You're assuming that the code was written exception safely. E.g.

    mu.Lock()
    foo := bar[baz]    // <- throws exception / panics
    mu.Unlock()
Go is sold as a language without exceptions, so people don't write exception-safe code. Which is fine, except when exceptions are actually caught.
That wouldn't pass a code review where I work... Use a defer to do the unlock
I would also not allow it. I'm saying the problem is that core Go developers say "Go doesn't have exceptions", which is manifestly false, but causes people to not write exception safe code.

But despite you and me, I'm saying there's a lot of broken code out there because of this doesn't-but-actually-does misinformation.

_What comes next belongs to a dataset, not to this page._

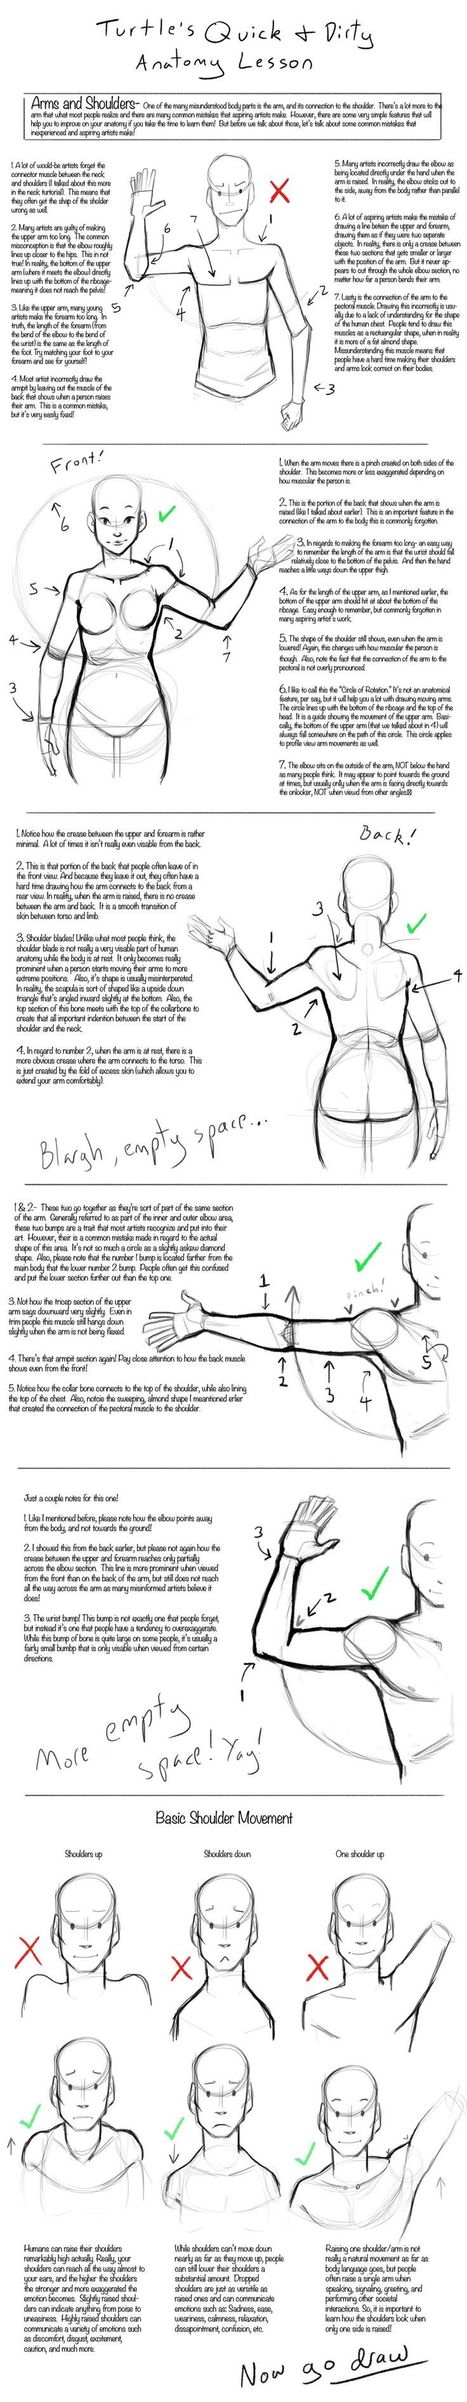 Anatomy Drawing Lesson | Drawing References and Resources | Scoop.it

And it's very annoying that you have to tell people to do:

    var i int
    func() {
      mu.Lock()
      defer mu.Unlock()
      i = foo[bar]
    }()
Clean code, that is not. (even if you simplify it by having the lambda return the int)
This is like the biggest thing scaring me away from Go. This half-assed "we don't use exceptions, so you shouldn't have to care about it, except when we do, so you still must write proper defers, which are now doubly verbose because nobody considered it a primary use case"... In any other language, a mutex outside a using/with/try-with/RAII would be instantly flagged in code-review or linter tools. In many cases even hard to write incorrectly, due to entering context being only way to acquire the lock.

Now this middle ground leaves you having to write triple verbose if err != null on every third line of your code and still not be safe from panics-that-shouldnt-have-been-panics.

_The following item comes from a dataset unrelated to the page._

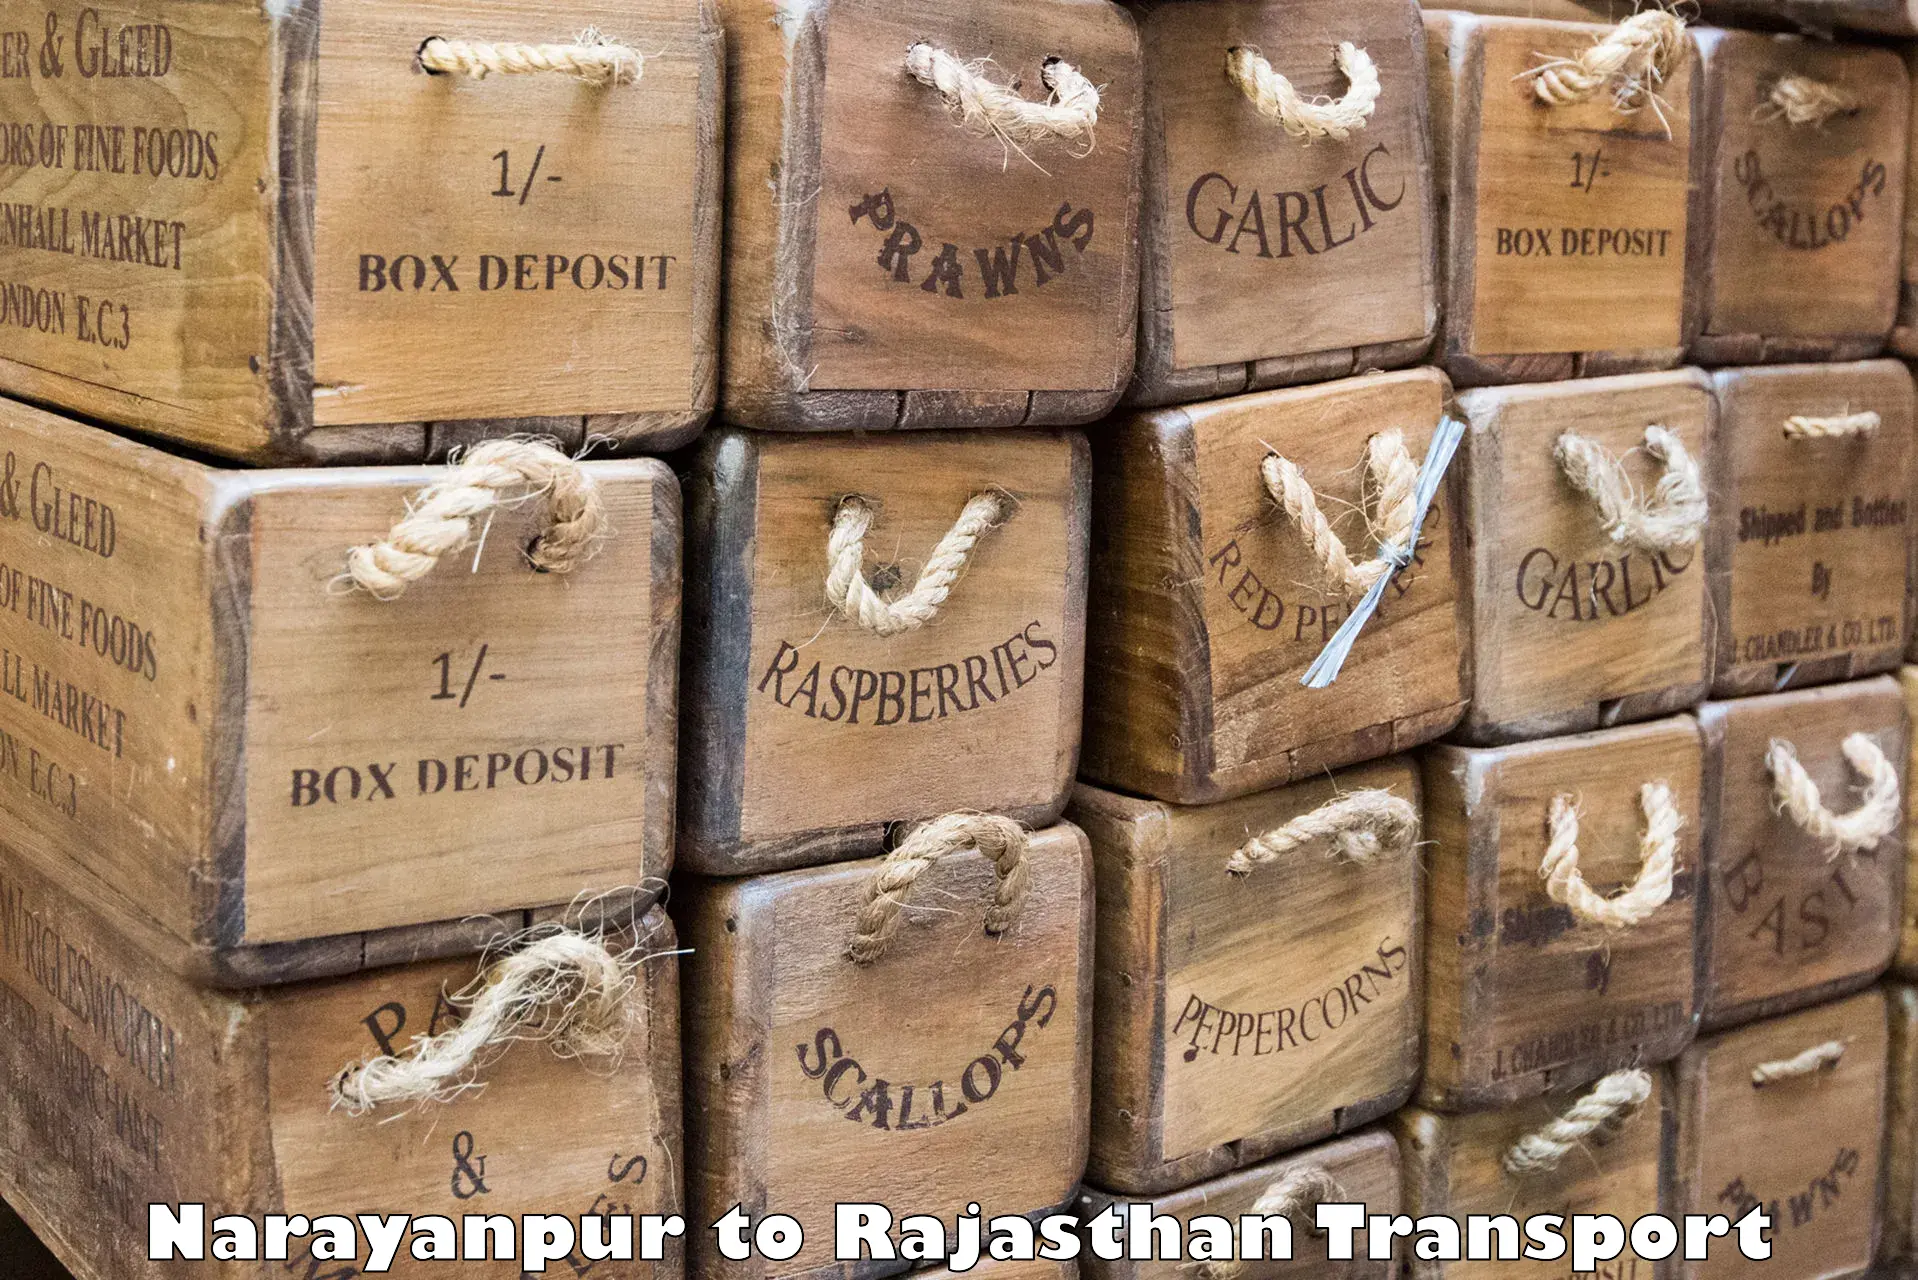 Air cargo transport services in Narayanpur to Karauli

As parent says, the only way panics can ever work is if the top-level never catches and recovers from them. I'm no expert in go but that would mean in such perfect world, defer should hardly ever be needed at all, not even for locks? Only for truly external resources? But now with popular web servers doing such recovery, the entire ecosystem got polluted and all need to handle it?

Does defer get called on panic? I thought panic cancels all further execution
Yes it does, which is why recovering from a panic can be done in a deferred function. The go runtime maintains enough metadata to track what deferred functions need to be run while unwinding the stack.
The main issues that usually arise as a result of catching panics in handlers like HTTP is that unless code it written very deliberately to be able to recover from being interrupted in the middle of any function call, there is a high risk of e.g. mutexes left locked, which in turn leads to a (silent) program deadlock in general.

This has happened during my couple years at Google at least once, even though it wasn't in an HTTP handler, but the issue was very similar.

> most likely

> probably is correct

Yeah I don't know...

But that implies your request checking is off; if your server expects a field to be filled in and a client doesn't send it, that should be a HTTP 400 Bad Request error, not an internal server error.

C/C++ based servers running into an error like that would possibly be open for attacks. Go will be a bit more resilient, but it's still better to avoid situations like that.

That said, logging the error and going on serving responses is fine I think (pragmatic), as long as the error is analyzed. But an error that doesn't trigger immediate action is a warning, and warnings are noise [0].

[0] https://dave.cheney.net/2015/11/05/lets-talk-about-logging#:...

> In my experience, the panic is most likely because someone accessed a nil field when adapting some data. Nothing is corrupt, we just threw an exception in a mundane way.

Even more so if a database is involved (which is generally the case), because odds are the transaction just gets rolled back and there's basically nothing that could be corrupted.